Every one of us, too, in our personal lives, comes face to face at times with opportunities of our own that, wrongly handled, can lead to places we don’t want to go.
And we are vying for something infinitely more important than a mere nomination for President. We’re in the running, after all, for the achievement of worth, racing to achieve meaning in our lives.
In the bustle and haste of everyday existence, it is alarmingly easy to forget that decisions we make, sometimes almost unthinkingly, can be crucial; that seemingly insignificant forks in the roads of our lives can lead either to achievement and holiness, or, G-d forbid, to setbacks, even ruin.
Every single decision we make, of course, is important. Each day of our lives presents occasions for choices, chances to seize meaningful things – a mitzvah, a heartfelt prayer, an act of charity – or to forgo them. Every opportunity to be morose or angry is a chance to hurt others, and ourselves – and likewise a chance to do neither, and achieve something priceless.
But there are also particularly momentous opportunities, when we are presented with roads that diverge in entirely different directions. The Talmud teaches that “one can acquire his universe” – the one that counts: the world-to-come – or “destroy” it “in a single moment.”
Potentially transformative decisions are more common to our lives than we may realize. When we make a decision about, say, where to live or what synagogue to attend – not to mention more obviously critical decisions like whom to marry or how to raise and educate our children – we are defining our futures, and others’. And it is of great importance that we recognize the import of our decisions, and accord them the gravity they are due.
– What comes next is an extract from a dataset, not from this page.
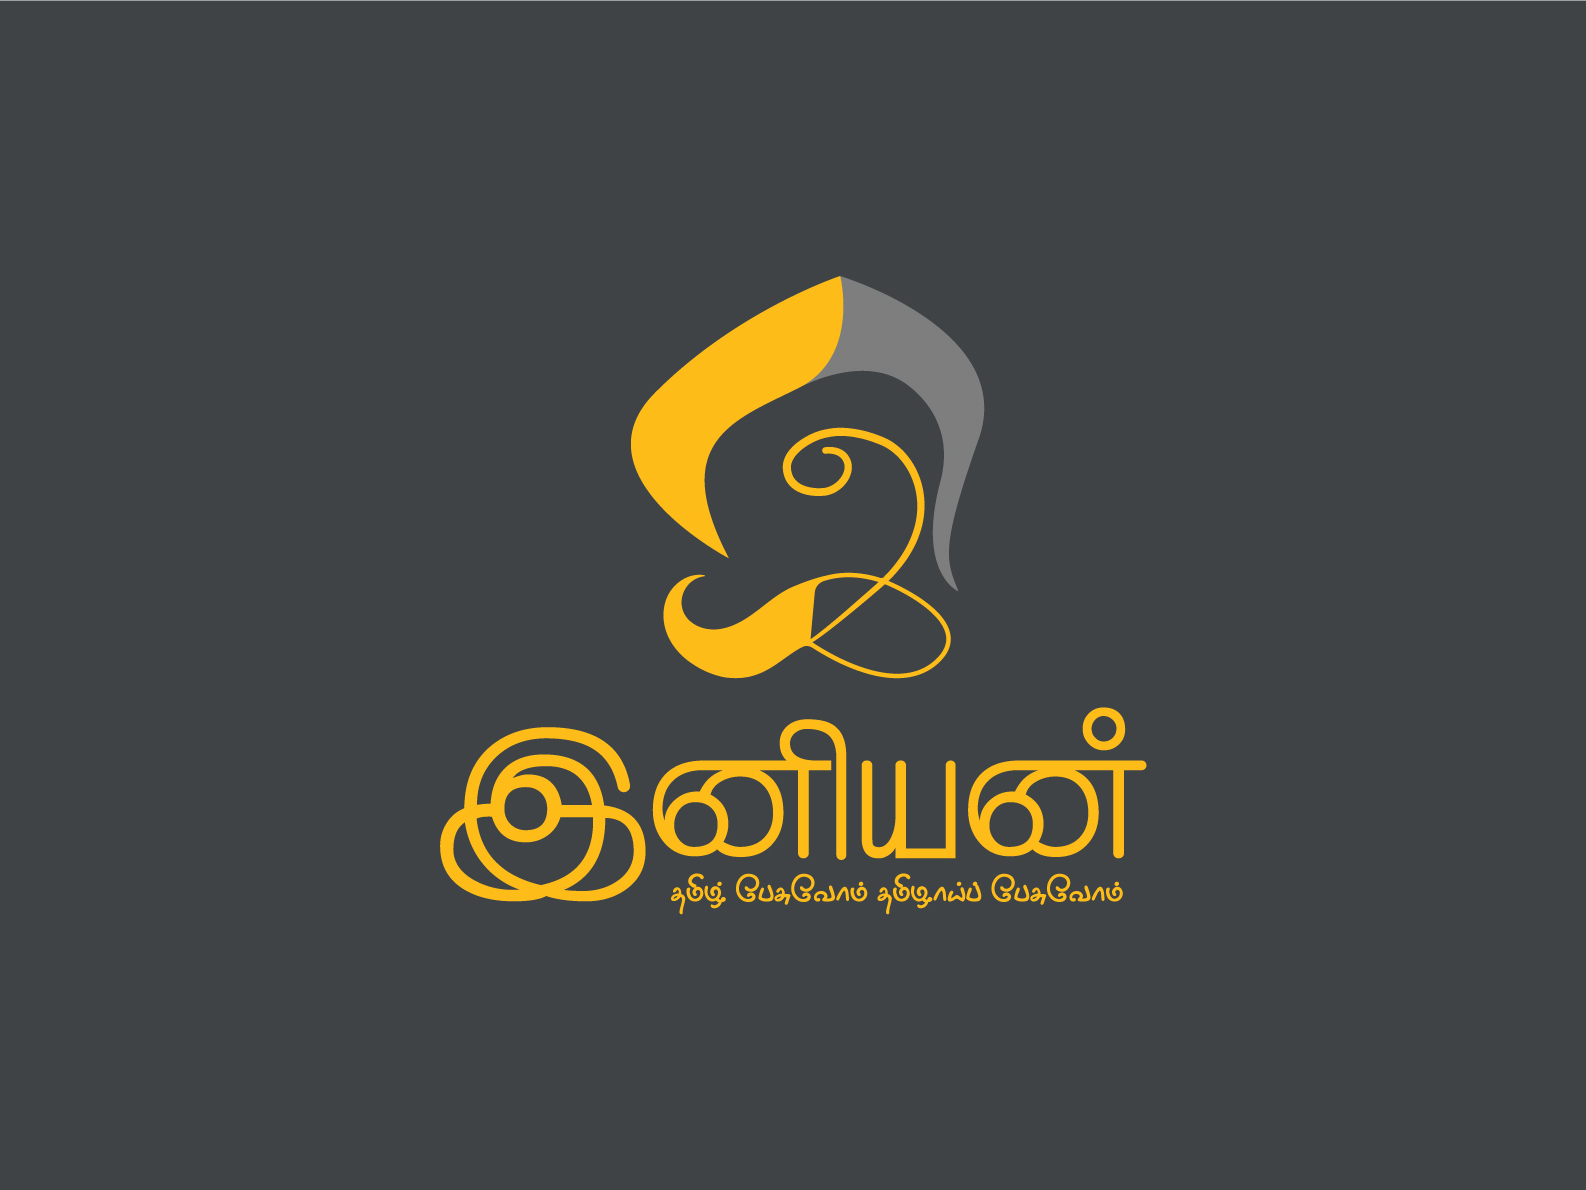 IBC Tamil - logo archive

We can even, through sheer determination, create our own critical moments. Consider the Talmudic case of the “conditional husband.”
In Jewish law, a marriage is effected by the proposal of a man to a woman – the declaration of the woman’s kiddushin, or “specialness” to her husband, followed by the acceptance by the woman of a coin or item of worth from her suitor. If the declaration is made on the condition that an assertion is true, the marriage is valid only if the assertion indeed is. Thus, if a man betroths a woman on the condition that he owns a car, or still has his own teeth, unless he does, they aren’t married.
What if a man offers a woman a coin or item and makes the kiddushin-declaration “on the condition that I am a tzaddik,” a “totally righteous person”? The Talmud informs us that even if the man in question has no such flawless reputation the marriage must be assumed to be valid (and only a divorce can dissolve it).
Why? Because, the Talmud explains, the man “may have contemplated repentance” just before his proposal.
That determined choice of a moment, in other words, if sincere, would have transformed the man completely, placed him on an entirely new life-road. The lesson is obvious: Each of us can transform himself or herself – at any point we choose – through sheer, sincere will.
This season of the Jewish year, our tradition teaches, is particularly fertile for making choices, for embarking on new roads. All we need are the sensitivity and wisdom to be open to crucial opportunities, and the determination to craft some of our own – to make choices that will change our lives and futures for the holier.